Fidel: Reconstructing Private Training Samples from Weight Updates in Federated Learning
David Enthoven, Zaid Al-Ars

TL;DR
This paper introduces Fidel, a novel attack method that can reconstruct private training data from model updates in federated learning, revealing privacy vulnerabilities especially in densely connected and convolutional neural networks.
Contribution
The paper presents Fidel, a new attack technique demonstrating the ability to recover private data from federated learning updates, challenging assumptions about privacy in such systems.
Findings
Fidel can recover on average 20 out of 30 private samples from dense networks.
Fidel can recover over 13 out of 20 samples from convolutional neural networks.

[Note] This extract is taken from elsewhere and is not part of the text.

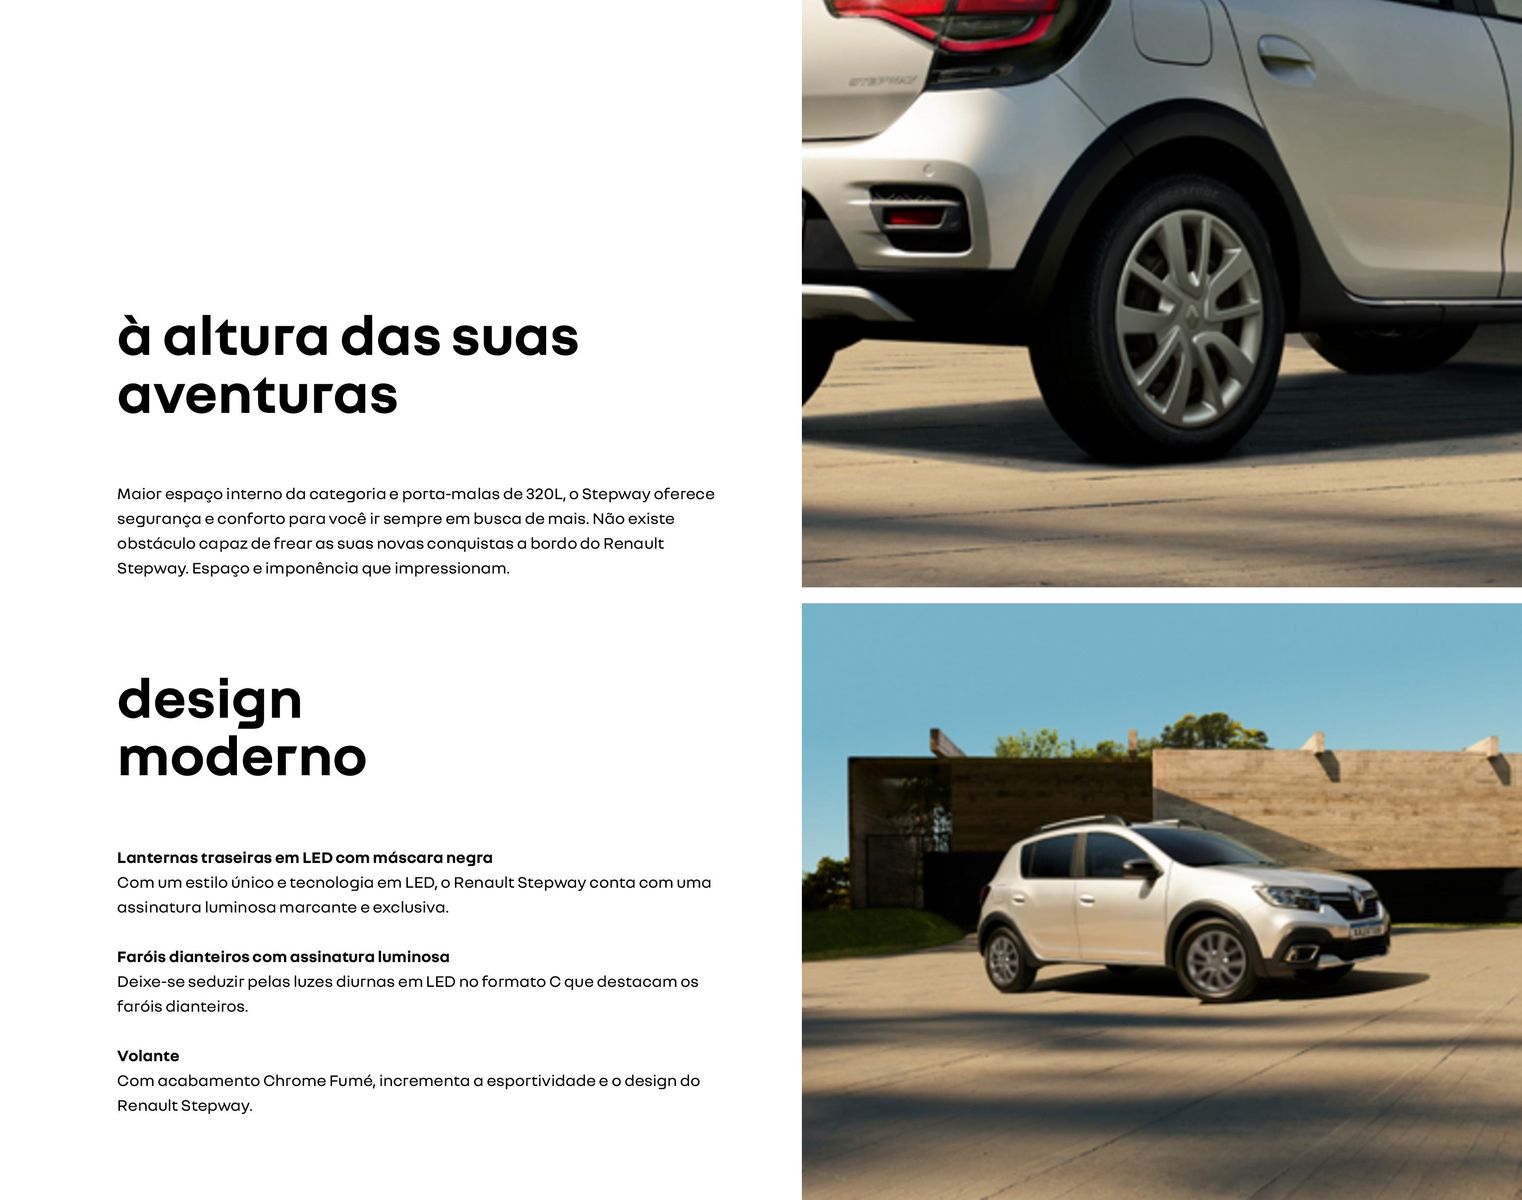 Renault Stepway - Segurança, Conforto e Design Moderno
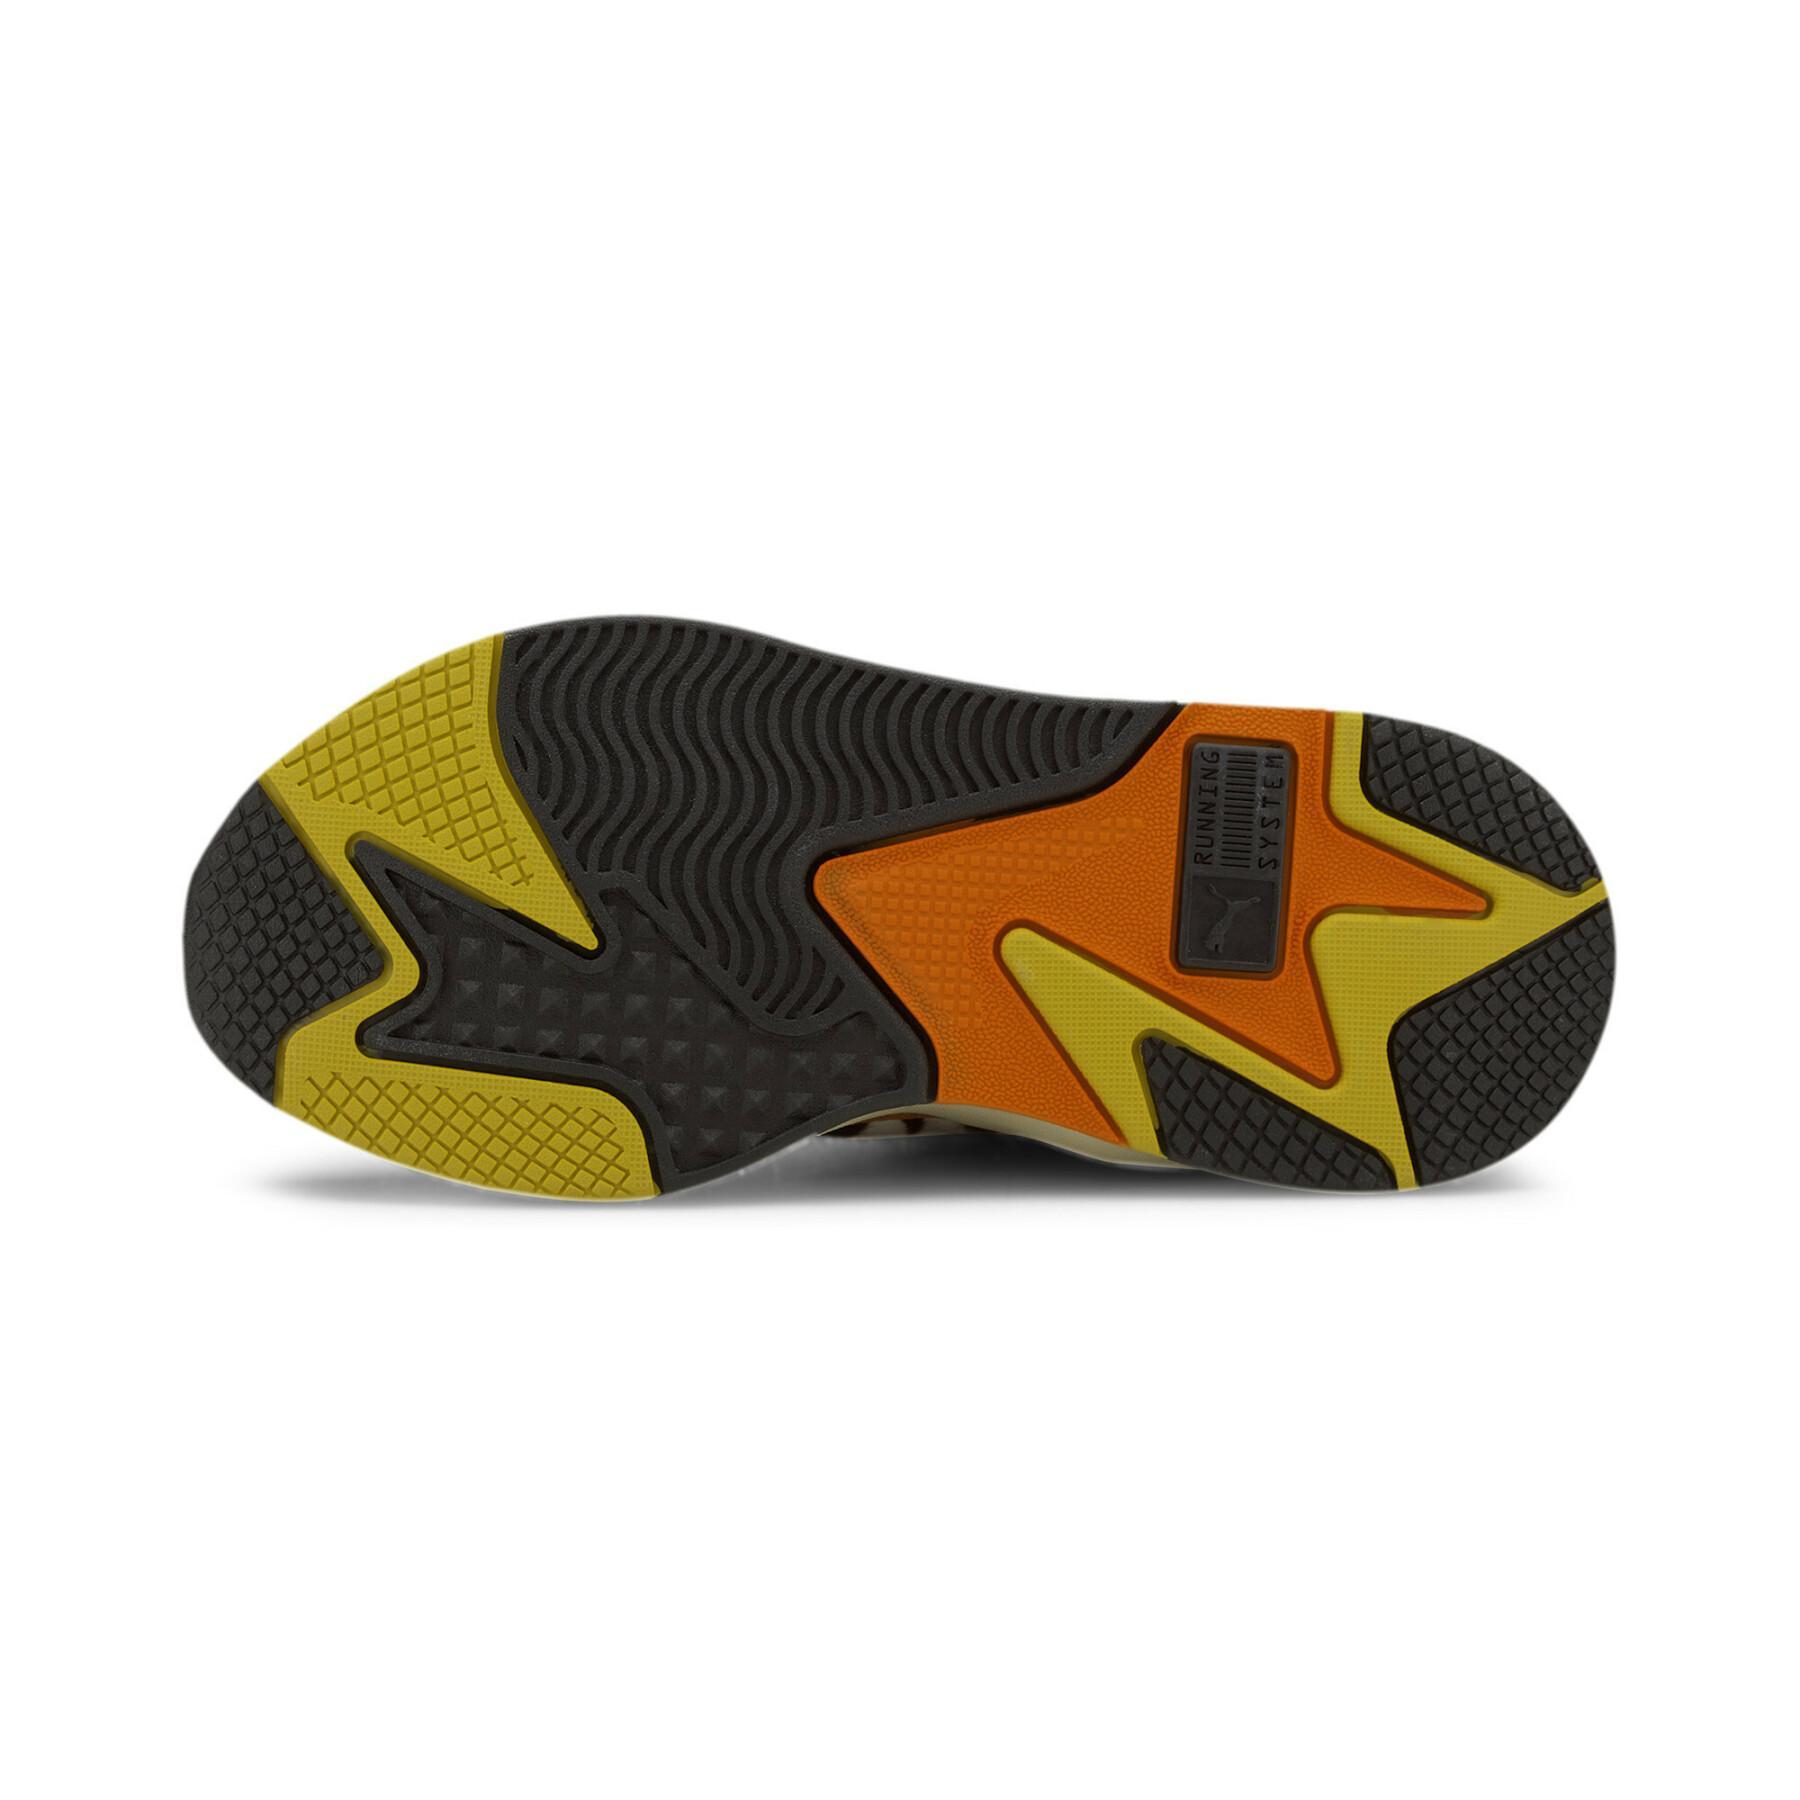 Zapatillas de deporte de mujer Puma RS-X³ W.Cats

ReLU and Dropout layers reduce privacy, making data more vulnerable.
Abstract
With the increasing number of data collectors such as smartphones, immense amounts of data are available. Federated learning was developed to allow for distributed learning on a massive scale whilst still protecting each users' privacy. This privacy is claimed by the notion that the centralized server does not have any access to a client's data, solely the client's model update. In this paper, we evaluate a novel attack method within regular federated learning which we name the First Dense Layer Attack (Fidel). The methodology of using this attack is discussed, and as a proof of viability we show how this attack method can be used to great effect for densely connected networks and convolutional neural networks. We evaluate some key design decisions and show that the usage of ReLu and Dropout are detrimental to the privacy of a client's local dataset. We show how to recover on average…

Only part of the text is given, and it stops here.